Following Ginige et al (2006), who searched the Medline database for studies prior to 2005 using the words chlamydia, screening, intervention, primary care and GPs, we used the search terms as listed below, and extended the search to additional electronic databases (Medline, PubMed, EMBASE, the Cochrane Controlled Trials Register and the Australian New Zealand Clinical Trial Registry), to the end of September 2010. Only English language publications were included. Reference lists of selected studies were also checked for other potentially relevant studies.
1. Chlamydia infections, or Chlamydia, or Chlamydia trachomatis, AND
2. Testing or screening, AND
3. Intervention, or trial, or intervention studies AND
4. General practice or general practitioner or GP or primary care
The papers were reviewed and information extracted by two authors independently. Disagreements were resolved by discussion and consensus.
Publications were excluded that did not incorporate a control group; reported on screening rates in the absence of a specific intervention; described chlamydia or STI screening programs in clinic or community settings other than primary care; described surveys of patients or providers about chlamydia screening; or did not report original data.
For each paper that met the inclusion criteria, information was extracted on the clinic location, the target population, the intervention strategy, the study design, the sample size, the statistical tests used and the outcomes of the evaluation including chlamydia screening rates or number of tests.
Analysis
We conducted a frequency analysis of information related to the clinic (location, type), intervention type and evaluation methods (sample size, design, analytical techniques, time period of the evaluation and reported outcomes).

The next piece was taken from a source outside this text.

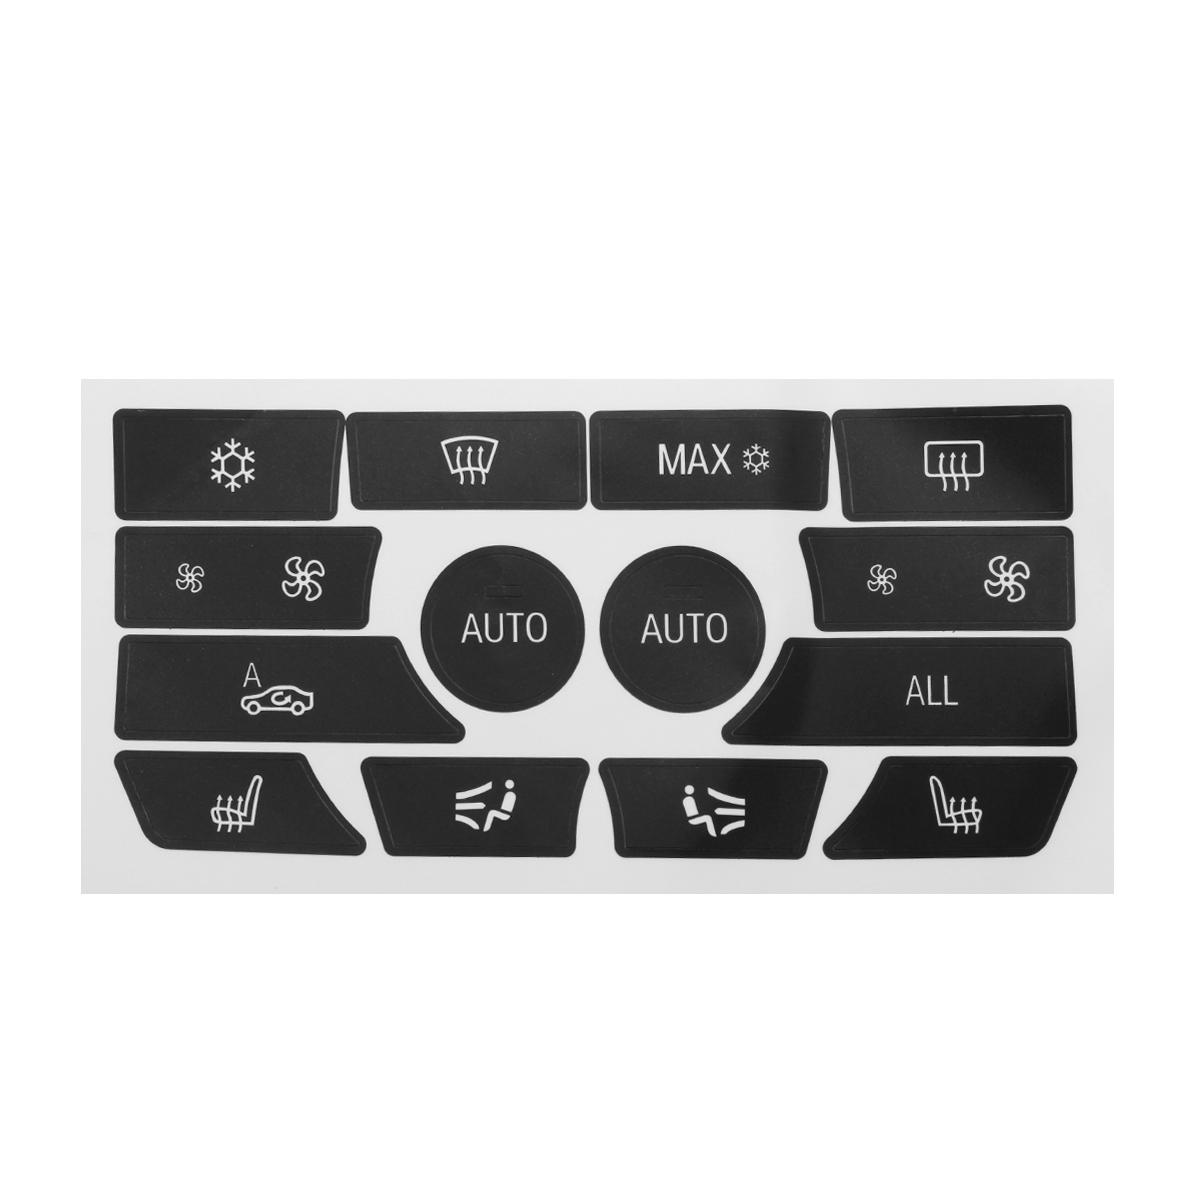 Dash Climate Control Auto Stereo Paneelknop Reparatie stickeret Voor BMW 5-serie 09-15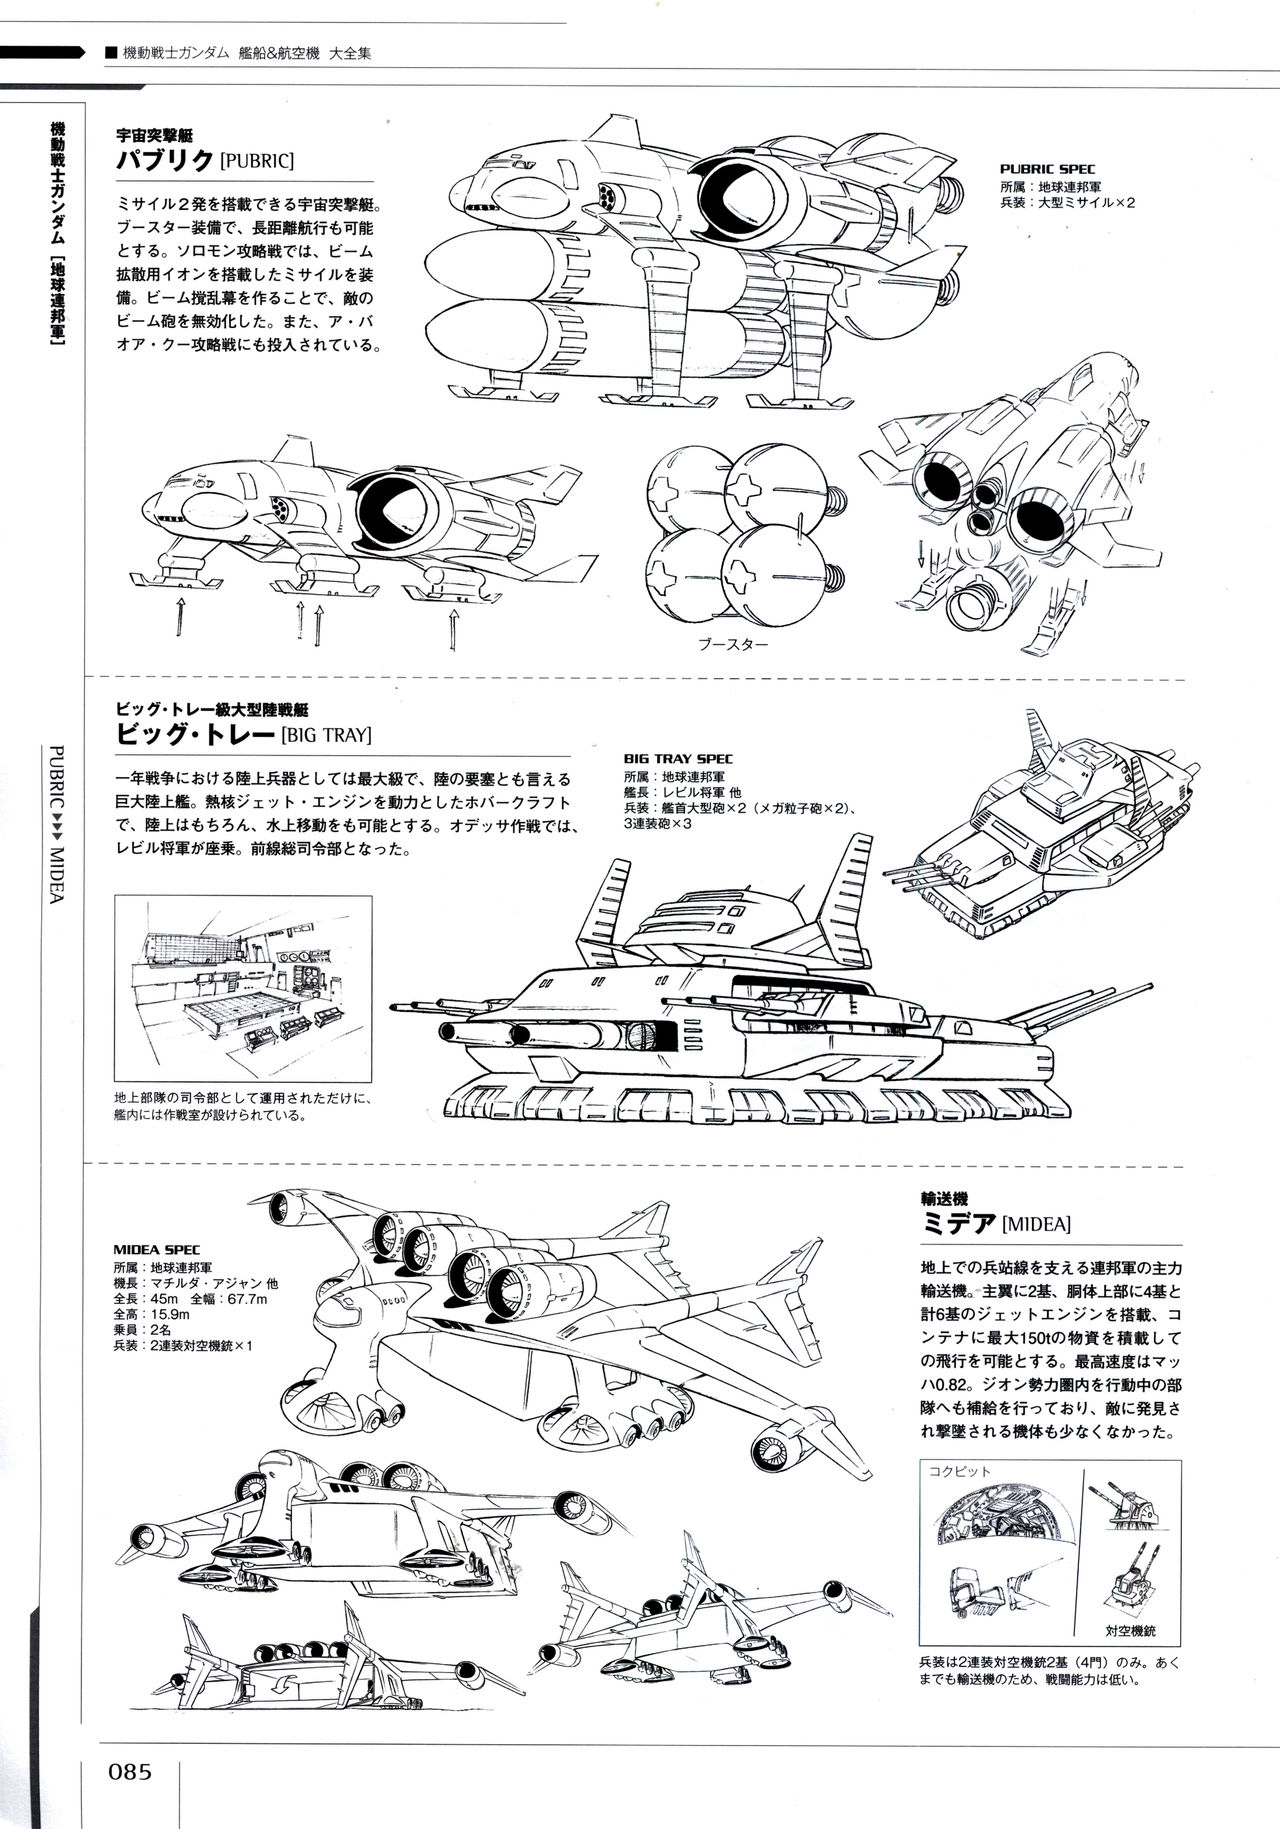 Mobile Suit Gundam - Ship & Aerospace Plane Encyclopedia - Revised Edition 90

The primary outcome for each study was the screening rate, defined as the proportion of patients attending the clinic who were screened for chlamydia. For studies that did not report this proportion, we accepted the total number of tests done as an alternative.
From each study, we abstracted the odds ratio (OR) or relative risk (RR) indicating the proportion tested in the intervention group compared to controls. For studies which did not report a measure of this kind we calculated the outcomes using Stata statistical software[12], including 95% confidence intervals, if the necessary data were provided in the paper.
Results
Search outcomes
Using the search words 'chlamydia' and 'screening', 'intervention' and 'general practice', and variations of these terms, 96 articles were identified and the abstracts from these articles were reviewed (Figure 1). A total of 81 papers were excluded because they either described interventions to improve outcomes other than chlamydia screening (n = 25); described chlamydia or STI screening programs in clinic or community settings other than primary care (n = 15); were reviews or commentaries which did not contain original data (n = 13); described surveys of patients or providers about chlamydia screening (n = 5); described a cross sectional or cohort study which reported STI incidence or prevalence, screening rates or risk factors (n = 4); described mathematical transmission models or cost-effectiveness analyses of the impact of chlamydia screening (n = 4); described a study of non-genital chlamydia (n = 5); described a chlamydia immunological study (n = 1); was a case report (n = 1); there was no control group (n = 2); the paper did not contain any data (n = 6).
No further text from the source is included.